The all pairs shortest path can be formulated informally as: If you have a weighted graph find for all pairs of vertices in the graph, the shortest path between these vertices.
Formally, let G = (V, E) be a graph of vertices (V) and edges (E). For each pair (u, v) in the V-set, find a subset of E, such that the subset is a simple path between u and v and is the set with minimal weight sum. The subset might be empty, if no such path exist.
It is important that the graph must not contain any negative-weight cycles. If the graph does contain such cycles, the result from the algorithm is wrong.
The crux of the problem is to represent the graph as a matrix, where a (u,v) index in the matrix different from infinity means there is an edge between u and v of the given weight.
We assume SRFI1? in the following code. A matrix is represented as a list of lists.
(define matrix-zero '()) (define matrix-sum (lambda (element-sum) (lambda (rows-A rows-B) (cond ((null? rows-B) rows-A) ((null? rows-A) rows-B) (else (map (lambda (row-A row-B) (map element-sum row-A rowB)) rows-A rows-B))))))
First, we define a zero for the matrix. Next we define the meaning of A + B, where A and B are matrices. Beware that we take the plus operation as a curried parameter, so we can change the meaning of it later. 2 simple maps will suffice.

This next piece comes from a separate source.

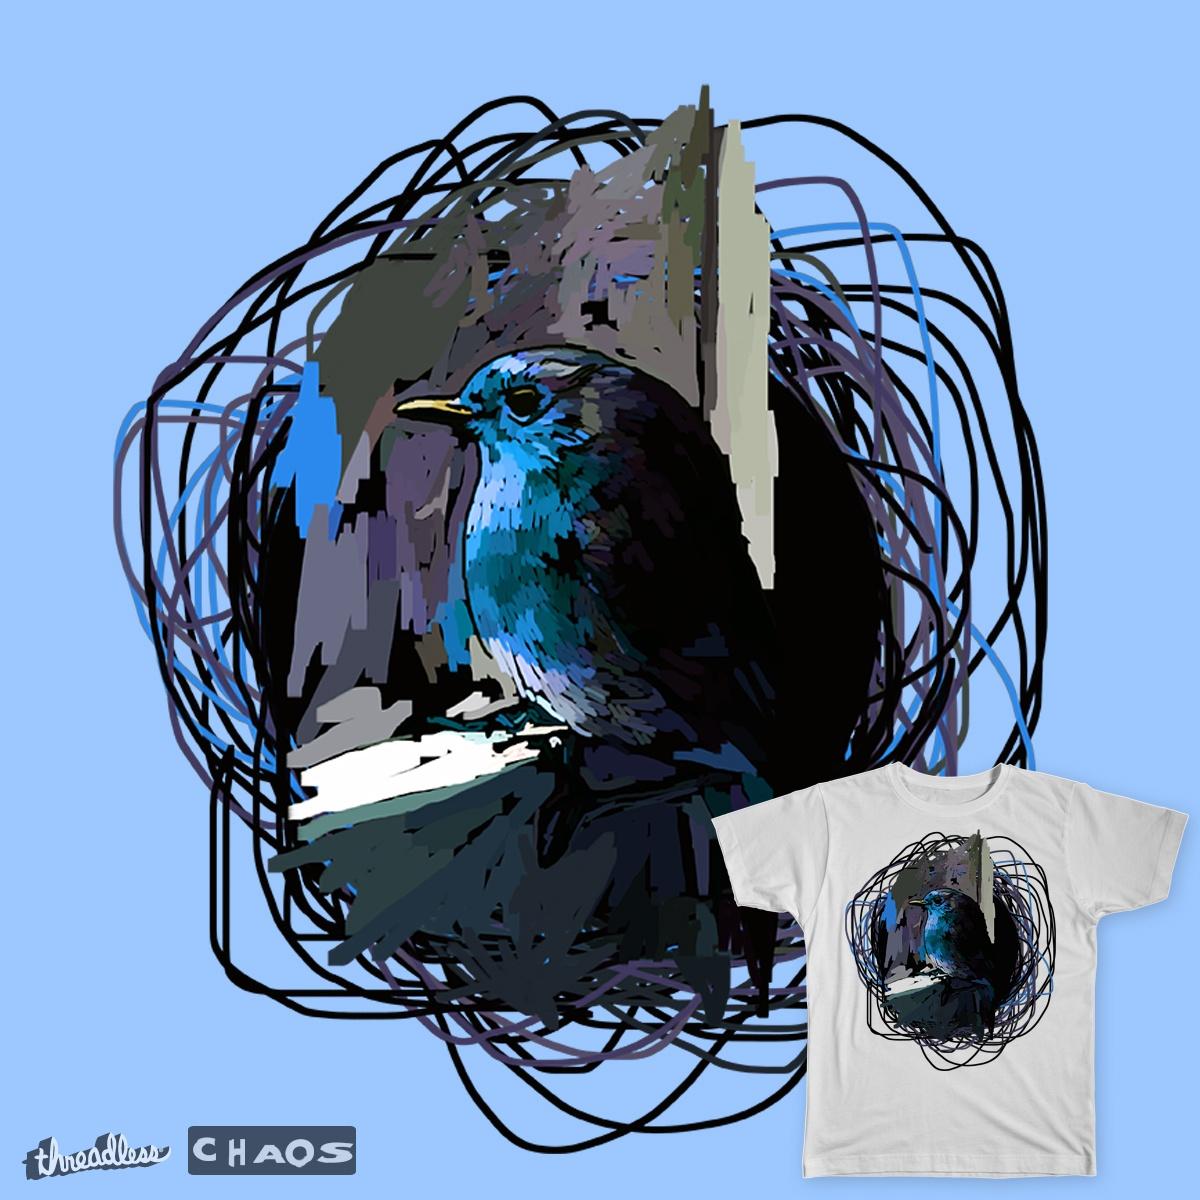 Blue Robin by gr4v17 on Threadless

(define matrix-dotprod (lambda (element-zero element-sum element-prod) (lambda (pa pb) (fold element-sum element-zero (map element-prod pa pb)))))
This is the familiar dot-product of vectors pa and pb. Again, we curry in the meaning of the zero, the sum and the product operations of our field.
(define (transpose rows) (if (null? (car rows)) '() (cons (map car rows) (transpose (map cdr rows)))))
Now for the transpose of a matrix. Clever uses of car, cdr and map does the stuff easily when we are working on lists of lists.
(define matrix-prod (lambda (element-zero element-sum element-prod) (lambda (rows-A rows-B) (let ((cols-B (transpose rows-B)) (dotprod (matrix-dotprod element-zero element-sum element-prod))) (map (lambda (row) (map (lambda (col) (dotprod row col)) cols-B)) rows-A)))))
Now for the all familiar matrix product. Given zero, sum and product curried, and given to matrices, A and B, we take the transpose of B and instantiate a dot-product function. Then a simple map calculates the matrix product.
(define zz 1000) ; Set this to some high value (define path-zero zz) (define path-sum min) (define path-prod (lambda (m n) (if (or (= zz m) (= zz n)) zz (+ m n)))) (define path-matrix-prod (matrix-prod path-zero path-sum path-prod))
Here is where things get fun. We define a ZSP, that is a grouping of a Zero, a sum operator and a product operator. The zero is defined as zz, some great value. The sum is the minimum function, and the product is a simple + guarded, however, by a check on zz (since infinity + x still is infinity).
The matrix product can now be defined in terms of this ZSP. We call it path-matrix-prod.
(define (fast-paths matrix) (let ((n (length matrix))) (let f ((m 1) (mat matrix)) (if (<= (- n 1) m) mat (f (* 2 m) (path-matrix-prod mat mat))))))
So, given a matrix A of adjacencies in a graph between vertices, we can apply the matrix product A * A to obtain A^2. Applying A^2 * A^2 obtains A^4 and so forth. We can continue this way until we have more than A^n, where n is the dimension of the matrix. When we reach this point, we must have the correct paths, since the last step will calculate all paths using exactly all the vertices in the graph.
A Test case:
; Test matrix (define matrix `((0 3 8 ,zz -4) (,zz 0 ,zz 1 7) (,zz 4 0 ,zz ,zz) (2 ,zz -5 0 ,zz) (,zz ,zz ,zz 6 0))) ; > (fast-paths matrix) ; '((0 1 -3 2 -4) ; (3 0 -4 1 -1) ; (7 4 0 5 3) ; (2 -1 -5 0 -2) ; (8 5 1 6 0))
The algorithm presented here is O(n^3 lg n). An O(n^3) algorithm exists, known as the floyd-warshall algorithm for all-pairs-shortest-path.